Output each line of the listing exactly, though pictures are not to appear.

*** Data extract

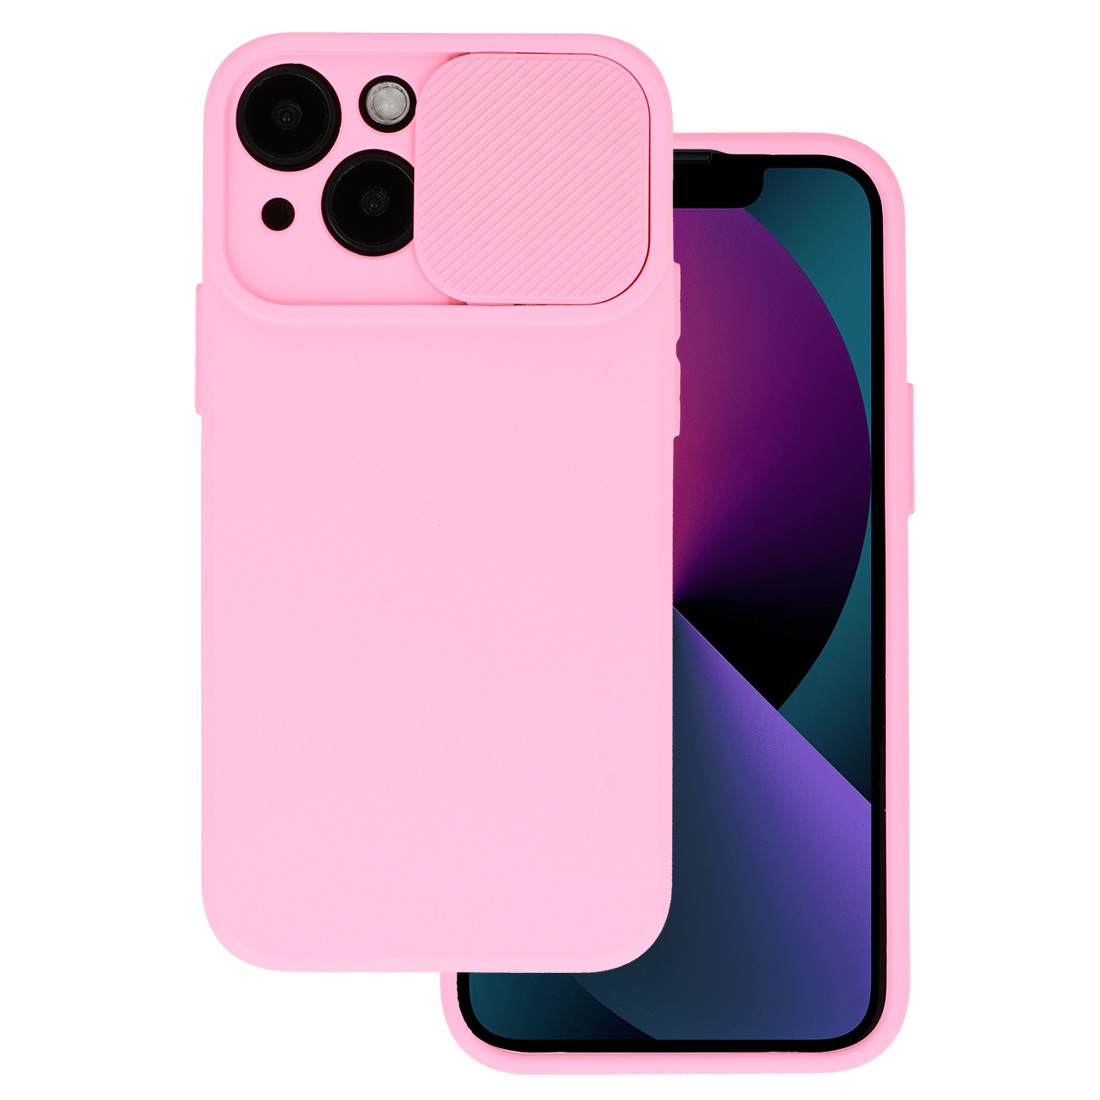 Samsung Galaxy A12 (SM-A125F/DSN) Case Cover with Camshield, Pink | Чехол Бампер Кабура для...
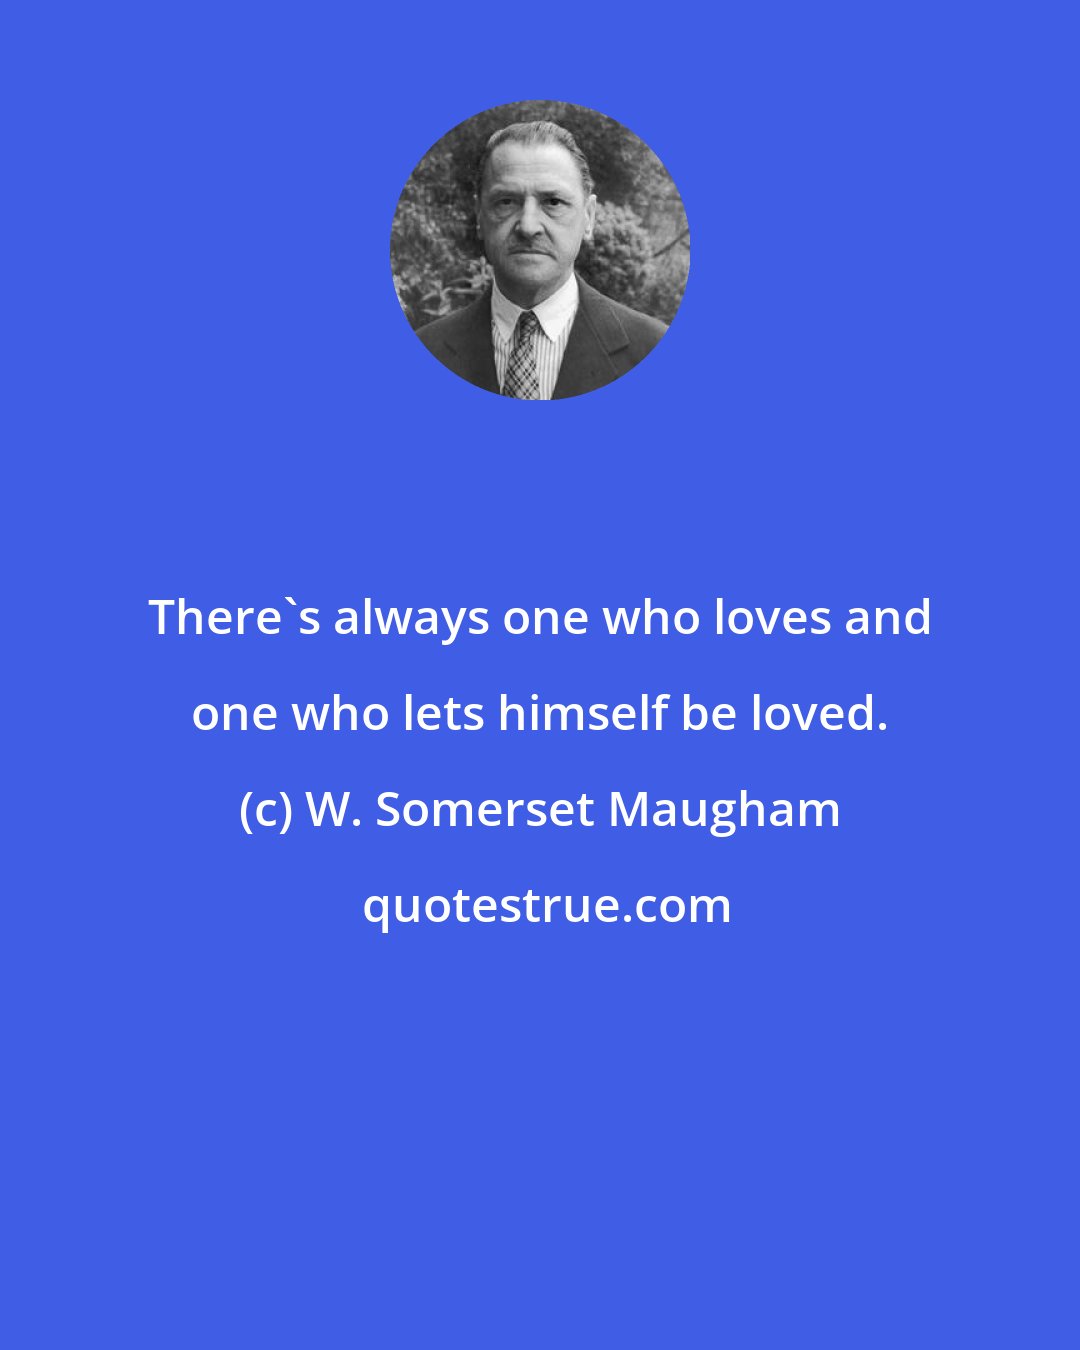 W. Somerset Maugham: There's always one who loves and one who lets himself be loved.
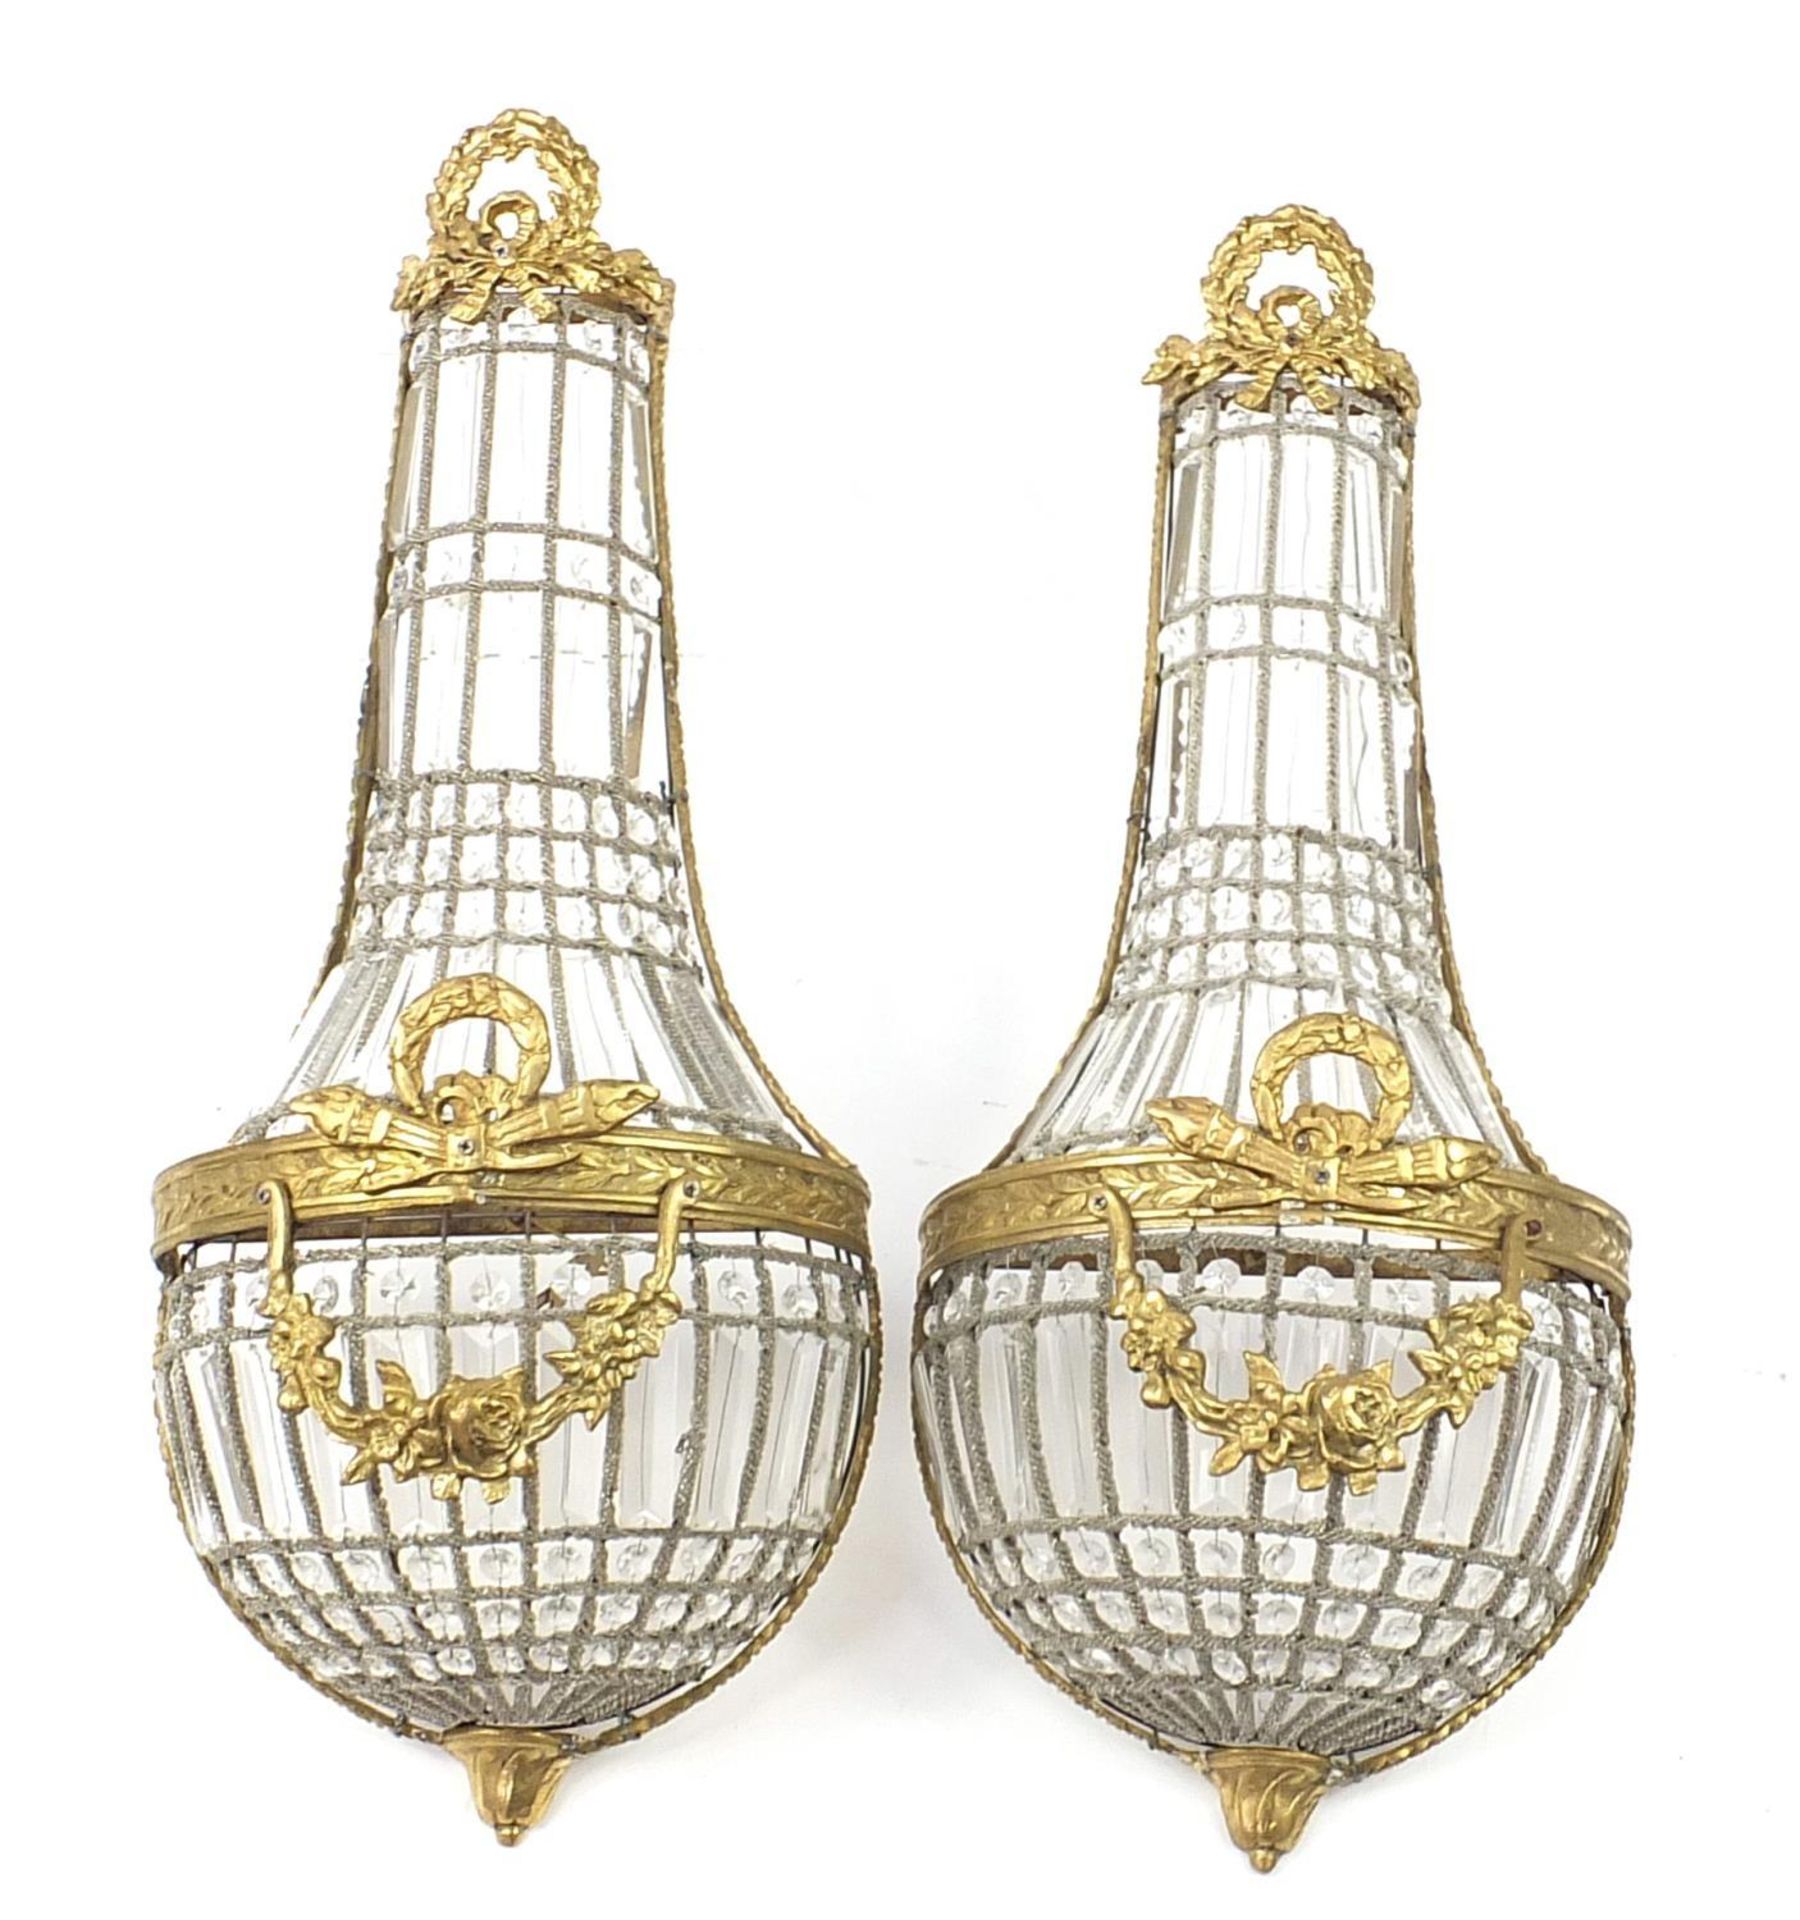 Pair of ornate gilt metal chandelier design wall sconces with bow design, each 71cm high :

******

Response area>
 Samsung Galaxy A12 (SM-A125F/DSN) Case Cover with Camshield, Pink | Чехол Бампер Кабура для...
 W. Somerset Maugham: There's always one who loves and one who lets himself be loved.
 Pair of ornate gilt metal chandelier design wall sconces with bow design, each 71cm high :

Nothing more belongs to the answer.